OFX Limited
- Formerly: OzForex (1998–2015)
- Type: Public
- Traded as: ASX: OFX
- Industry: Financial technology Foreign exchange
- Founded: 1998; 28 years ago in Sydney, Australia
- Founder: Matthew Gilmour
- Headquarters: Sydney, Australia
- Areas served: Worldwide
- Key people: John "Skander" Malcolm (CEO) Patricia Cross (chair)
- Products: OFX platform
- Services: International money transfers Foreign exchange Corporate treasury Card issuing and spend management
- Website: ofx.com

= OFX (company) =

Australian foreign exchange and payments company

OFX Group Limited is an Australian financial technology company that provides international payments, foreign exchange and spend management services. It is headquartered in Sydney and listed on the Australian Securities Exchange.

==History==
===1998–2015: OzForex===
OFX Group was founded as OzForex in 1998 by Matthew Gilmour, then head of foreign exchange at Bankers Trust. He initially operated the business part-time from his home on Sydney's Northern Beaches before committing to it full-time in 2000.

In 2001, OzForex launched its first online money transfer service and obtained an Australian Financial Services Licence in 2003.

By 2005, OzForex had opened an office in London and Gilmour's former Bankers Trust colleague Gary Lord became a joint shareholder and managing director. In June 2007, Macquarie Bank acquired a 51 percent controlling interest in OzForex, and former Macquarie executive Neil Helm was appointed chief executive officer.

In 2009, OFX began providing international money transfer services through ING Direct. In November 2010, Accel Partners and The Carlyle Group made minority investments in the company and became members of its board.

In 2013, OzForex was listed on the Australian Securities Exchange. The initial public offering valued the company at A$480 million. The offering was jointly managed by Macquarie and Goldman Sachs. In the same year, OFX also entered a white label partnership with MoneyGram in the United Kingdom.

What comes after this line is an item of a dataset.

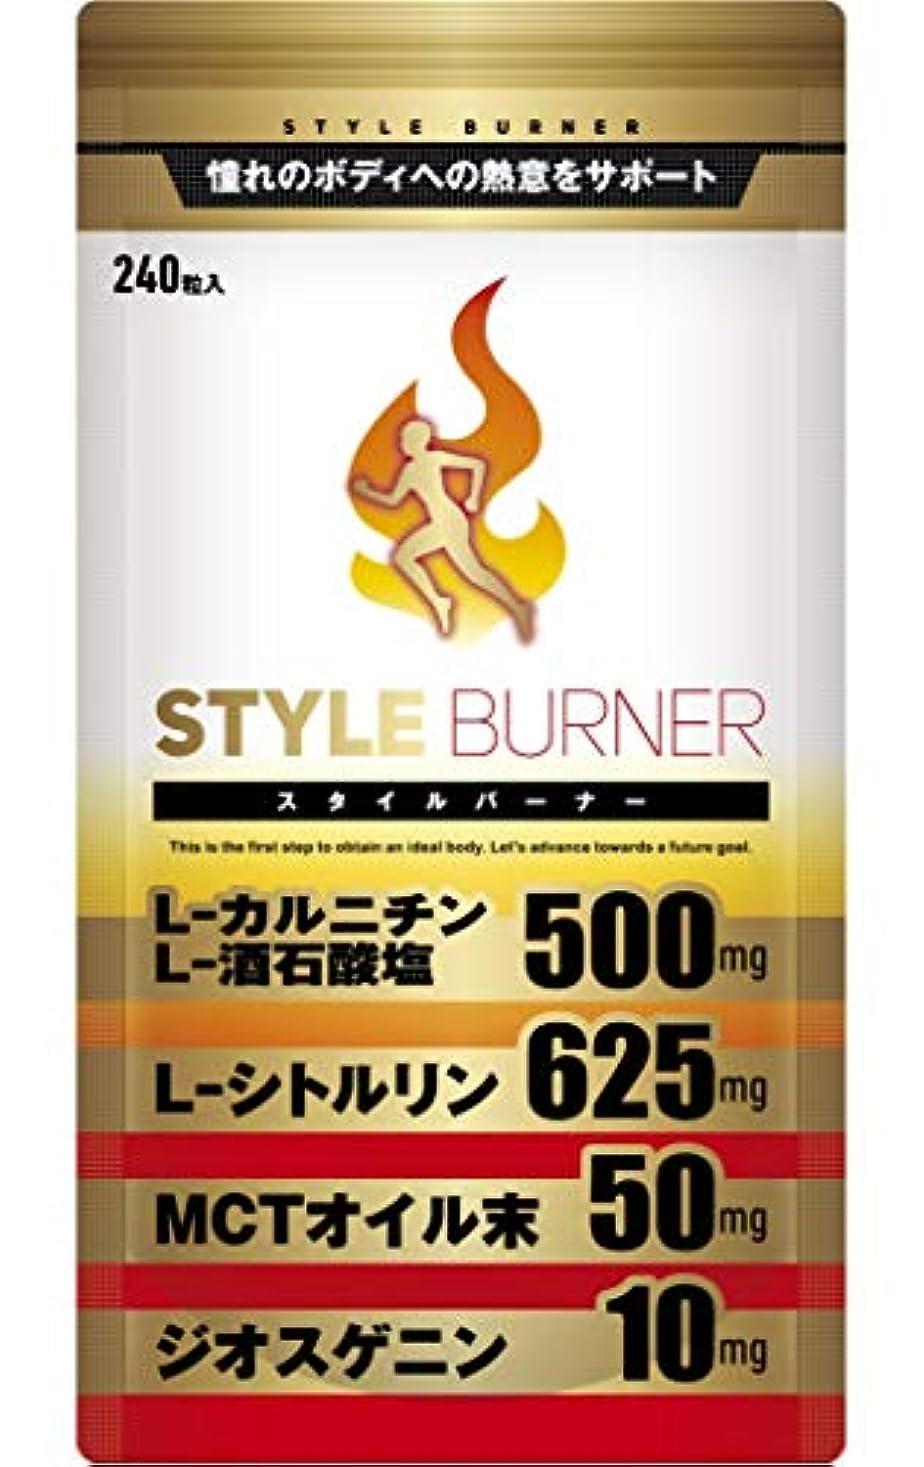 誕生不快必要としているSTYLE BURNER 運動 燃焼系 サプリ 8粒にL- シトルリン 625mg L- カルニチン 500mg MCTオイル 50mg ジオスゲニン 10mg 配合 サプリメント 240粒 30回分 (1ヵ月分)

In February 2015, Helm left his role as CEO and was succeeded by former ANZ Bank executive Richard Kimber in May 2015. In the same year, the company consolidated its regional brands, including UKForex, CanadianForex, USForex, NZForex, ClearFX, and Tranzfers, under the OFX name. The rebranding began in Australia in December 2015..

===2015–present: OFX===
In November 2015, Western Union made a non-binding proposal to acquire OFX for between A$3.50 and A$3.70 per share, valuing the company at up to A$888 million. The discussions ended in February 2016 after Western Union did not submit a binding offer.

In February 2017, John Alexander "Skander" Malcolm, a former president of GE Capital in Australia and New Zealand, was appointed CEO and managing director, replacing Kimber.

In May 2021, OFX invested US$6.1 million in TreasurUp, a Netherlands-based treasury management software company spun off from Rabobank, as part of a Series A funding round.

In May 2022, OFX acquired Edmonton-based Firma Foreign Exchange Corporation for C$90 million, equivalent to approximately A$98 million. OFX completed the acquisition of Firma's UK business in September 2022 after receiving approval from the Financial Conduct Authority.

In May 2023, OFX acquired Sydney-based business-to-business payments company Paytron, which was later merged into the new OFX 2.0 platform.

In February 2026, OFX appointed Goldman Sachs as its financial advisor and began a review to sell the business. In July 2026, OFX announced a non-binding A$1.00-per-share takeover proposal from Equals, at a valuation of A$247 million.

==Products and services==
OFX divides its services into three segments: consumer, corporate, and enterprise. Its OFX 2.0 platform supports international payments, multi-currency business accounts, corporate cards, expense management, accounts payable automation, foreign exchange services, and accounting integrations across more than 30 currencies and 180 countries.

==Operations==
OFX is headquartered in Sydney with additional offices in London, Dublin, Auckland, Hong Kong, Singapore, Toronto, and San Francisco.

OFX holds an Australian Financial Services Licence and is registered with AUSTRAC as a remittance provider. Its UK and Irish subsidiaries are authorised as electronic money institutions, while its US and Canadian entities are registered and licensed as money services or remittance businesses. The group also holds regulatory authorisations in New Zealand, Singapore, and Hong Kong.